DATA EXTRACT
☆ ☆ ☆ ☆ ☆ ☆ ☆
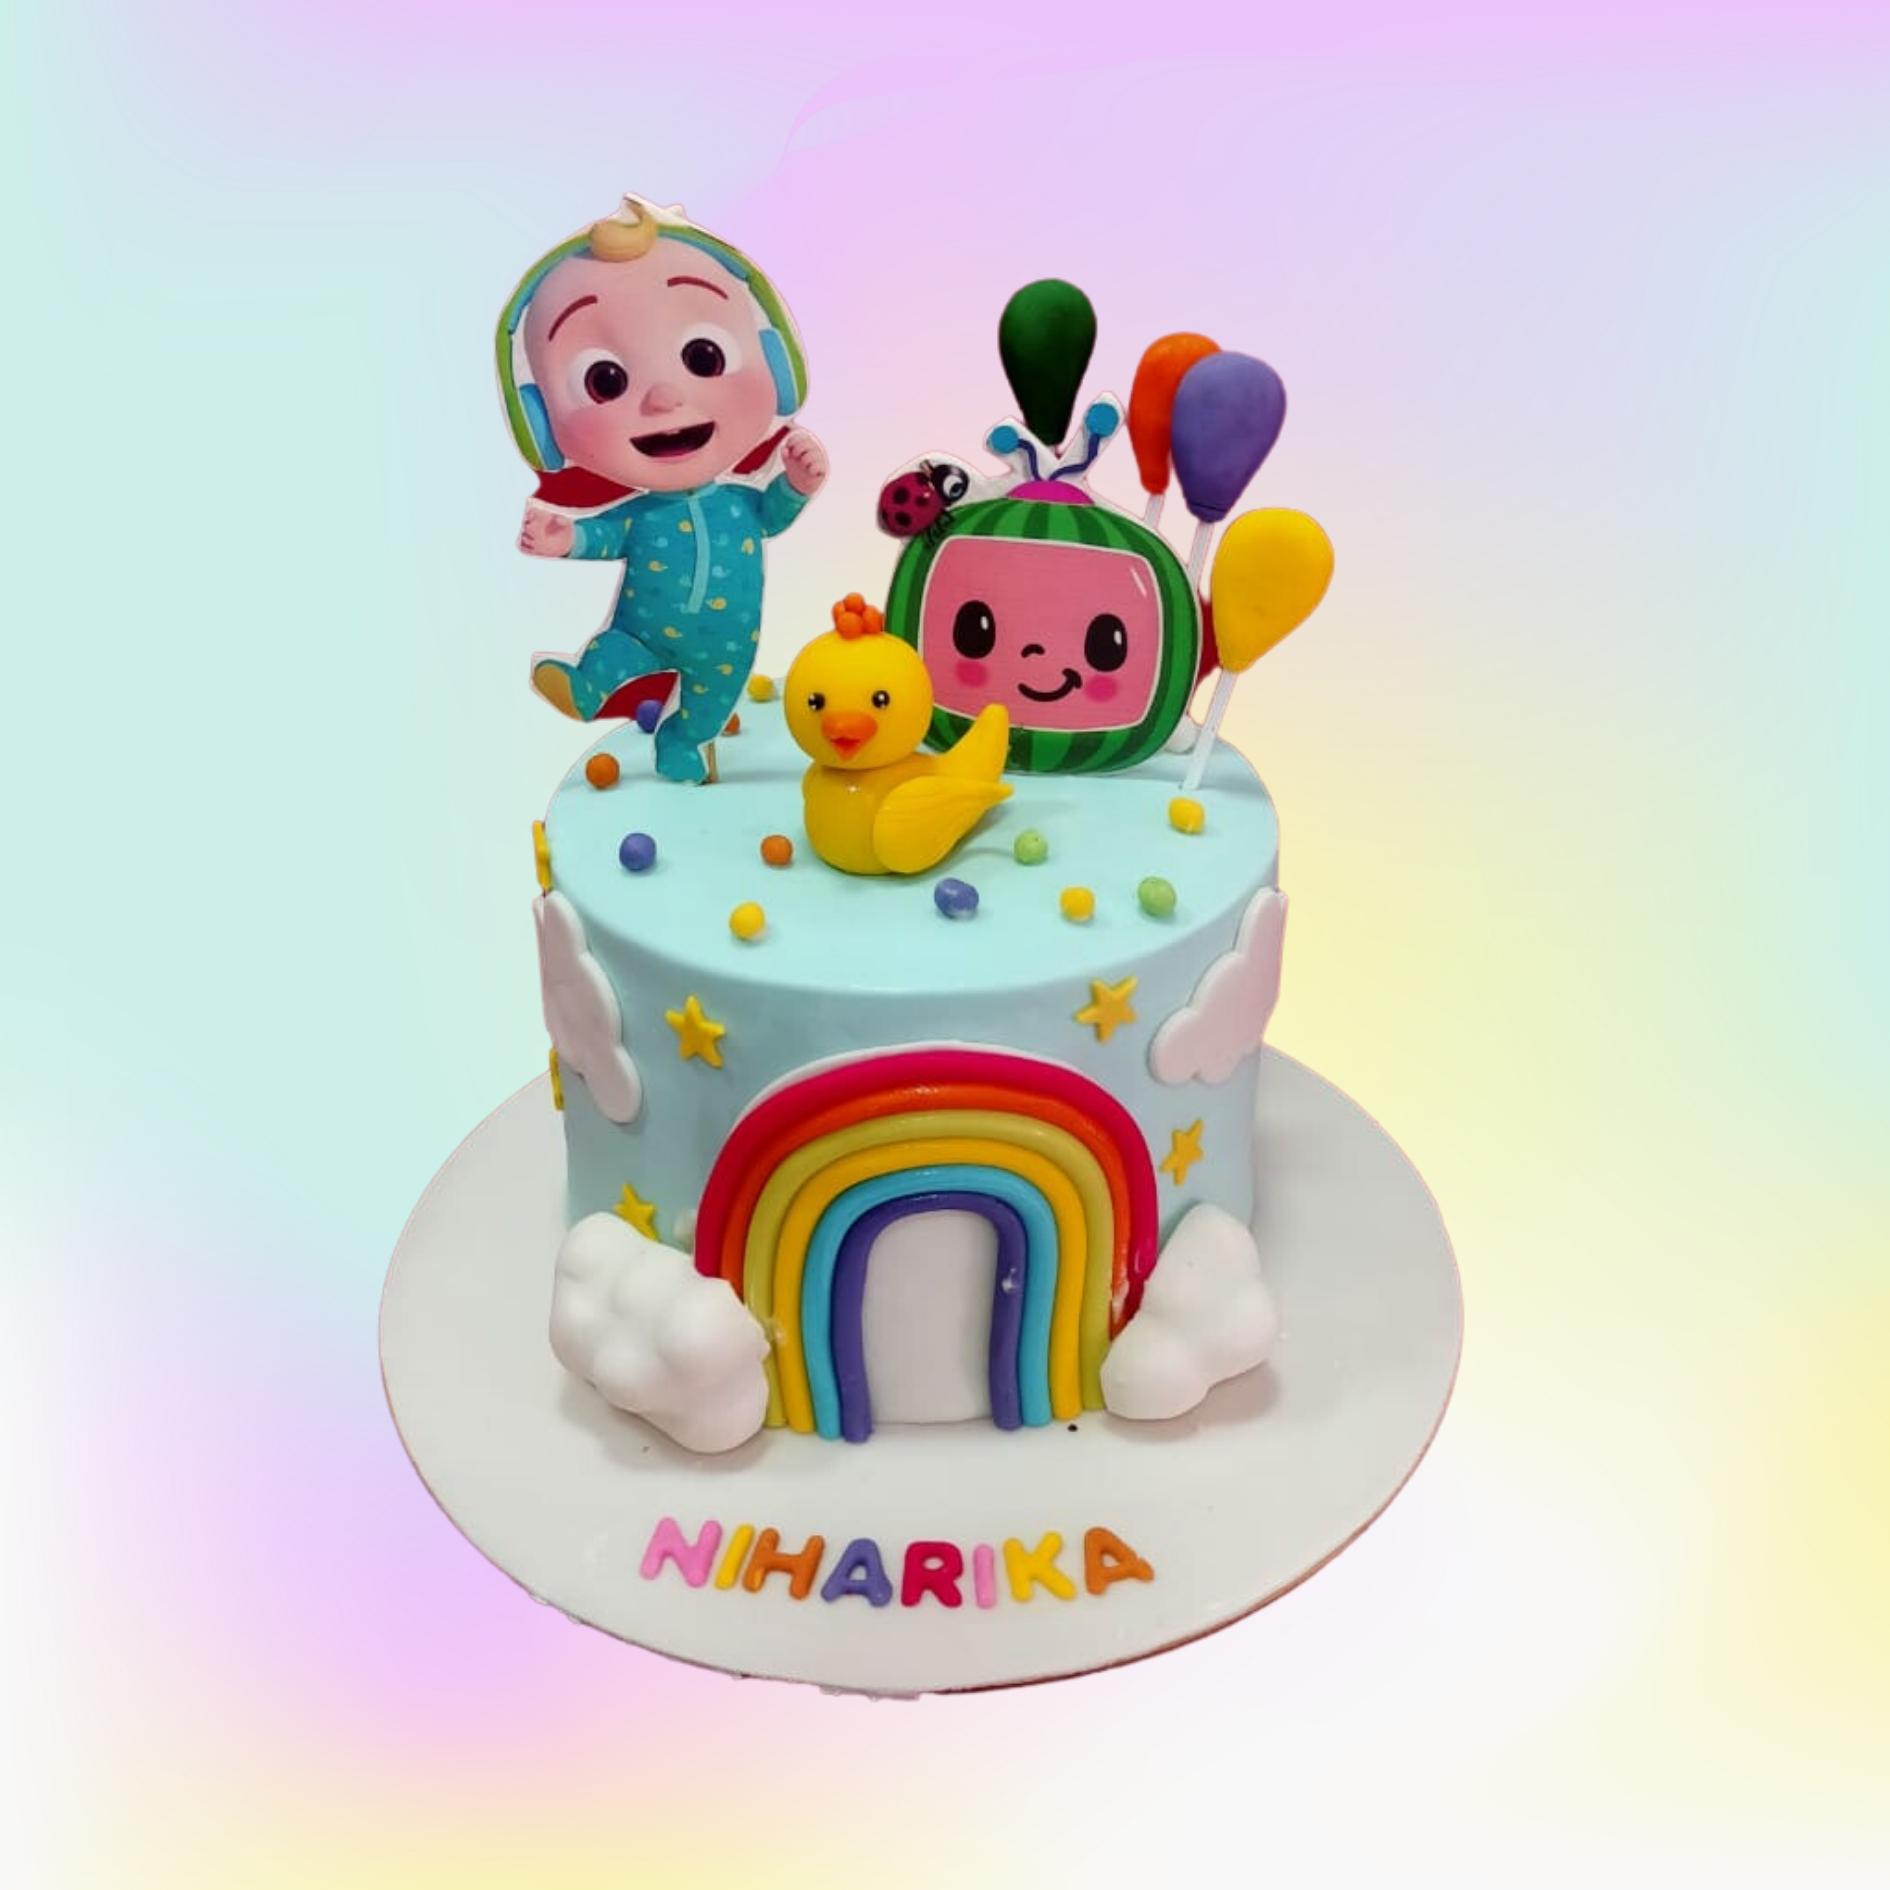 Happy Birthday Niharika Image Wishes General Video Animation - YouTube
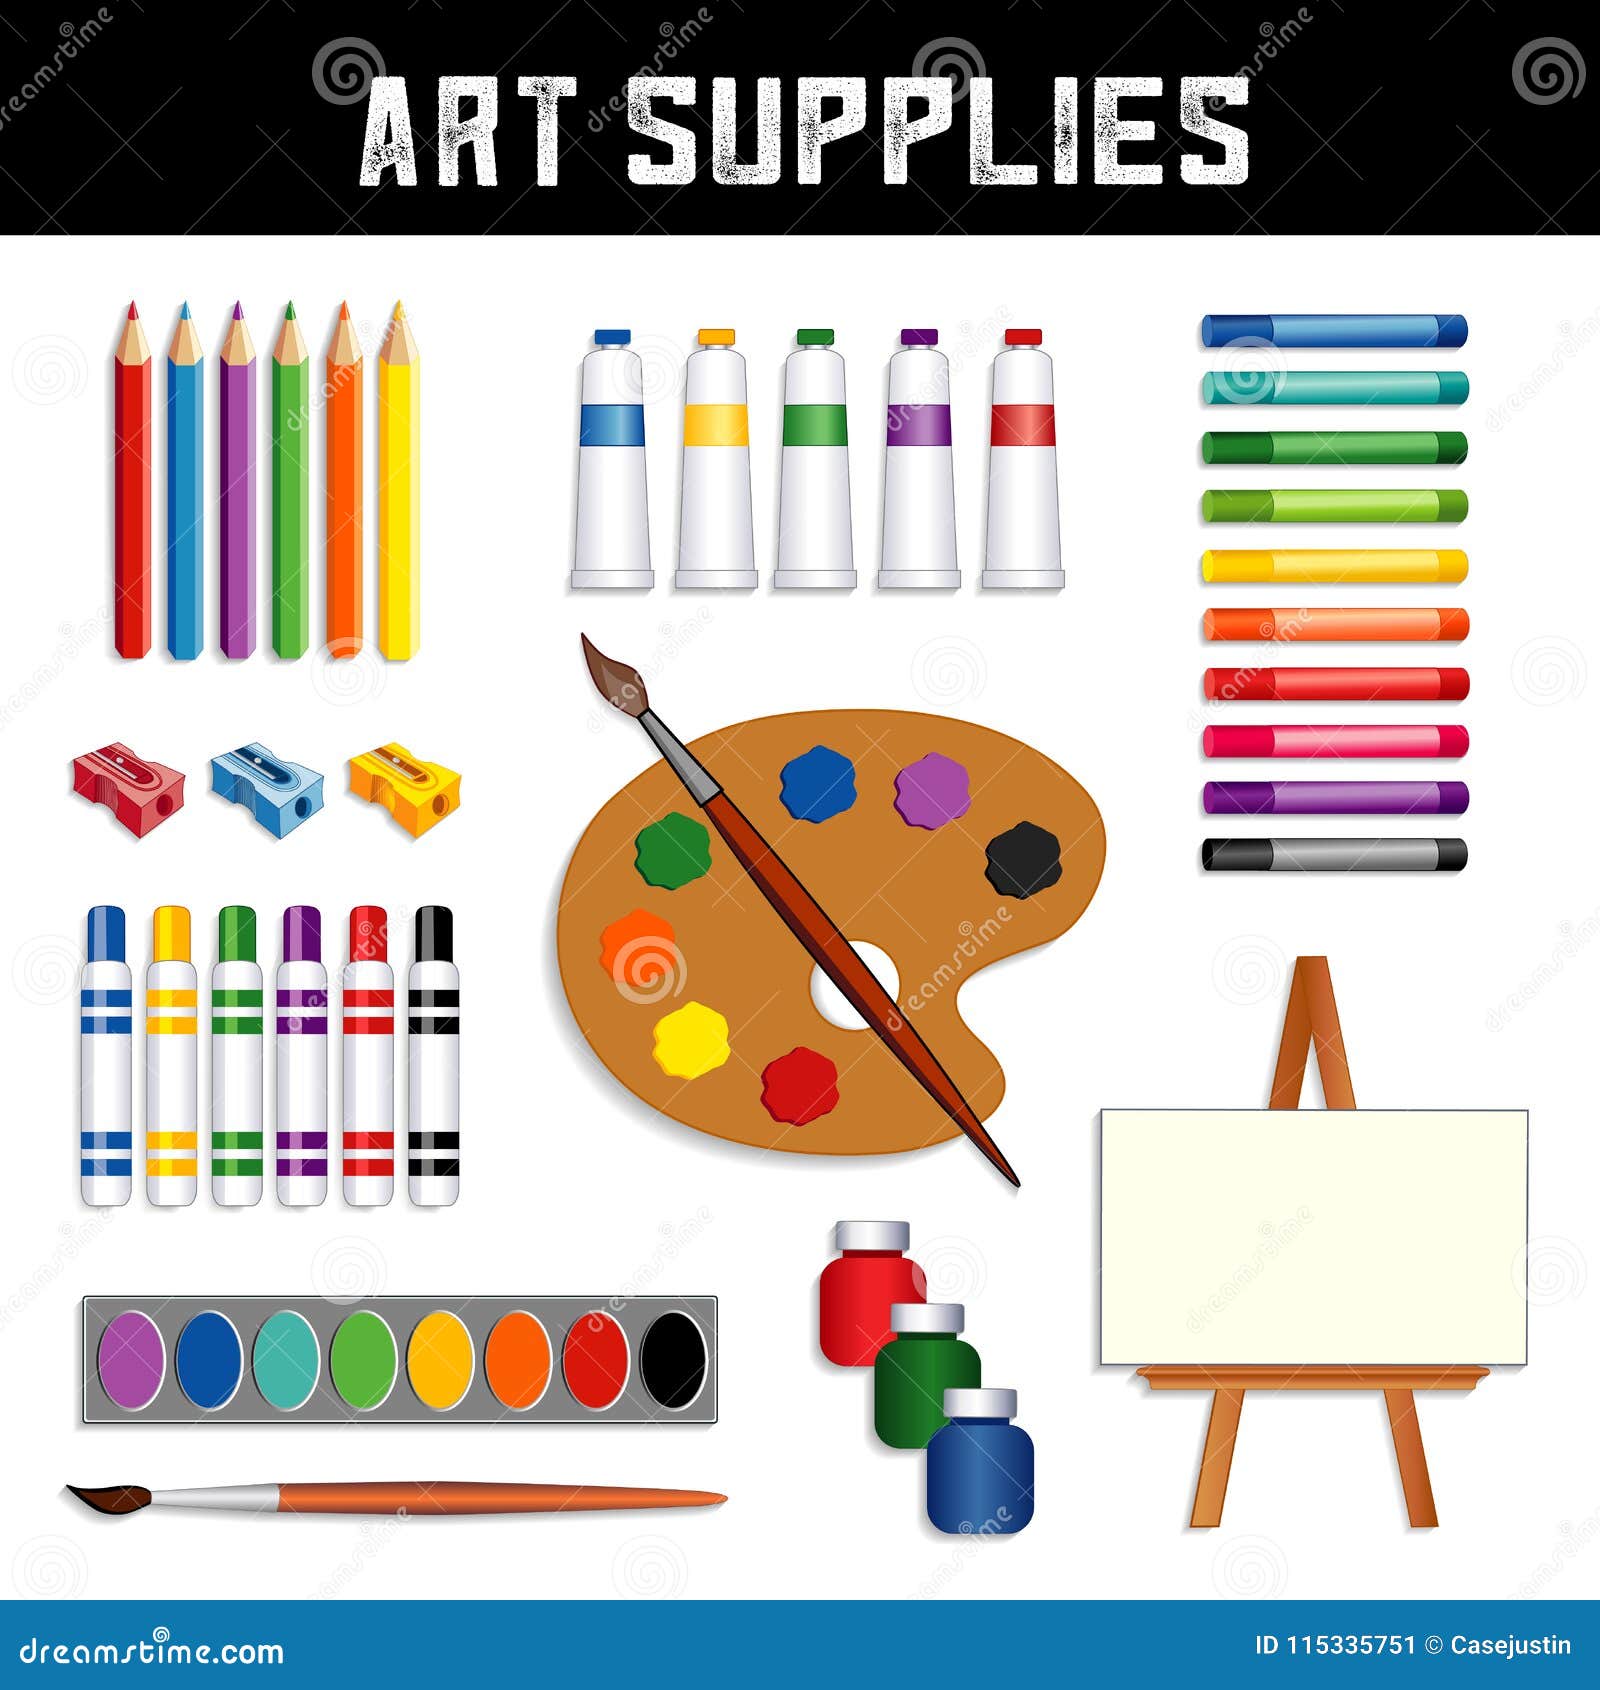 https://thumbs.dreamstime.com/z/art-supplies-paints-easel-watercolors-brushes-palette-collection-colored-pencils-sharpeners-tubes-paint-oil-pastel-crayons-felt-115335751.jpg
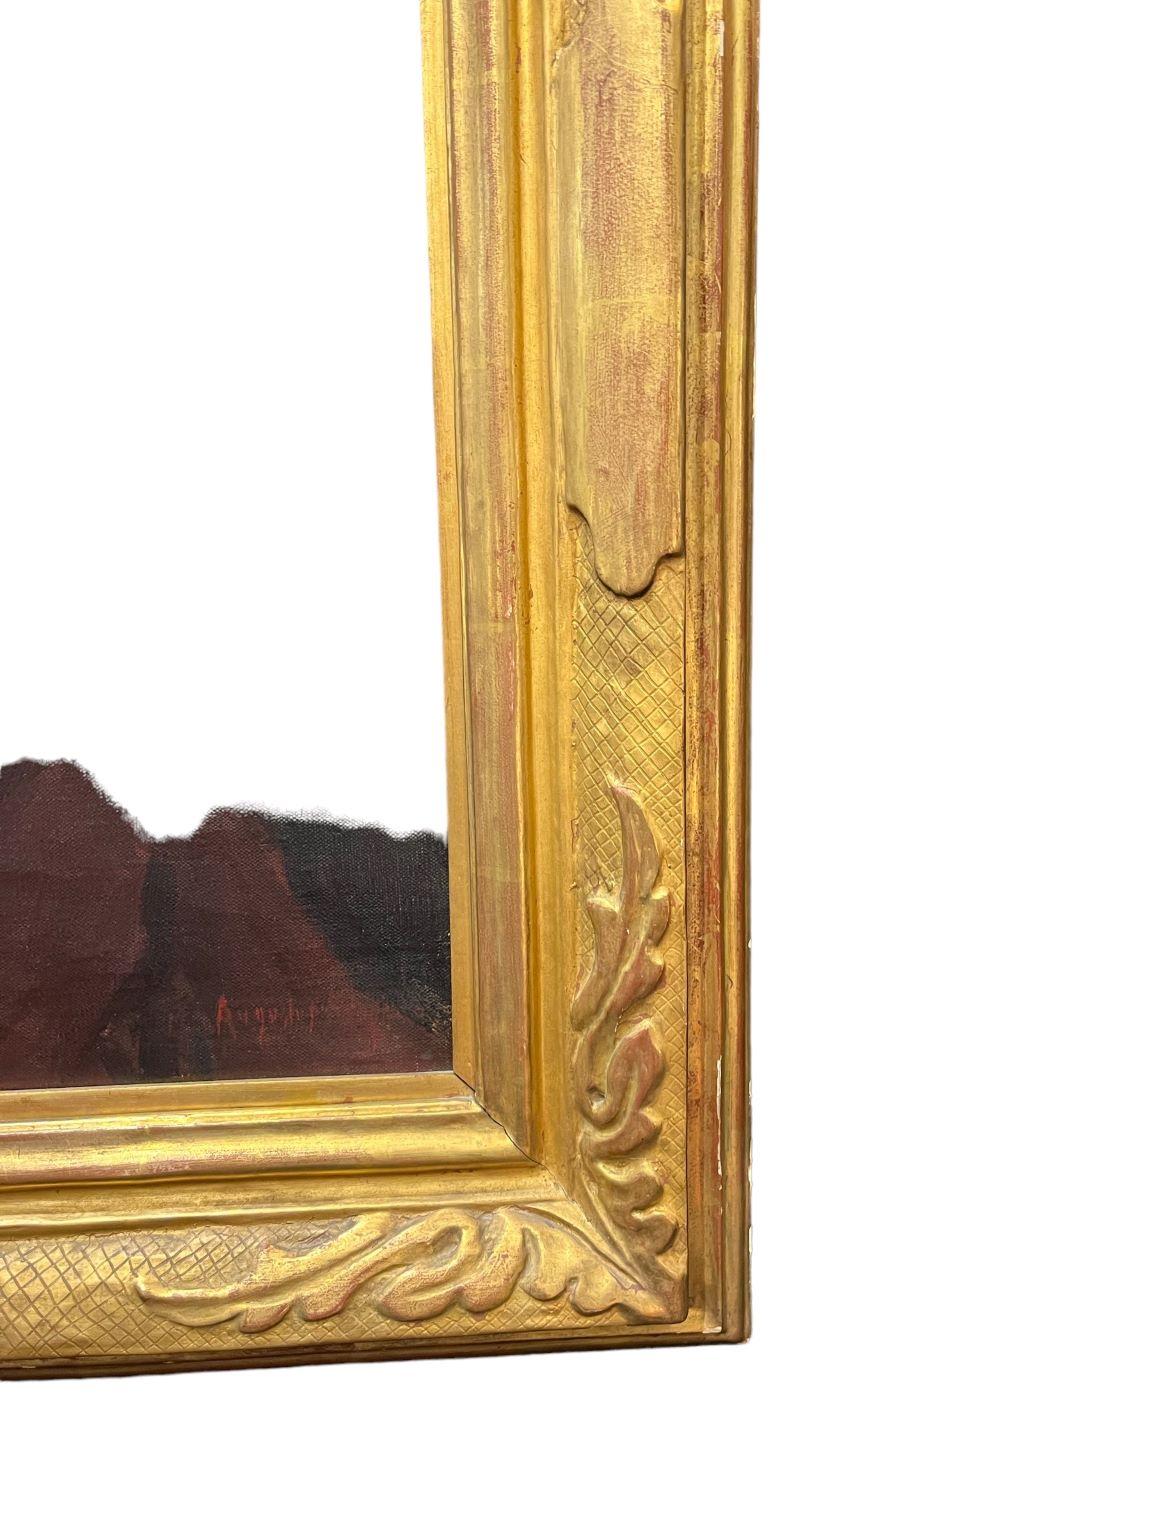 North American Stellar Frederick Harer Gold Gilt Wood Frame Circa 1920-1930’s For Sale
☆ ☆ ☆ ☆ ☆ ☆ ☆
WORK REQUEST
Transcribe all the lines above exactly, apart from the pictures.

FINISHED TASK
 Happy Birthday Niharika Image Wishes General Video Animation - YouTube
 https://thumbs.dreamstime.com/z/art-supplies-paints-easel-watercolors-brushes-palette-collection-colored-pencils-sharpeners-tubes-paint-oil-pastel-crayons-felt-115335751.jpg
 North American Stellar Frederick Harer Gold Gilt Wood Frame Circa 1920-1930’s For Sale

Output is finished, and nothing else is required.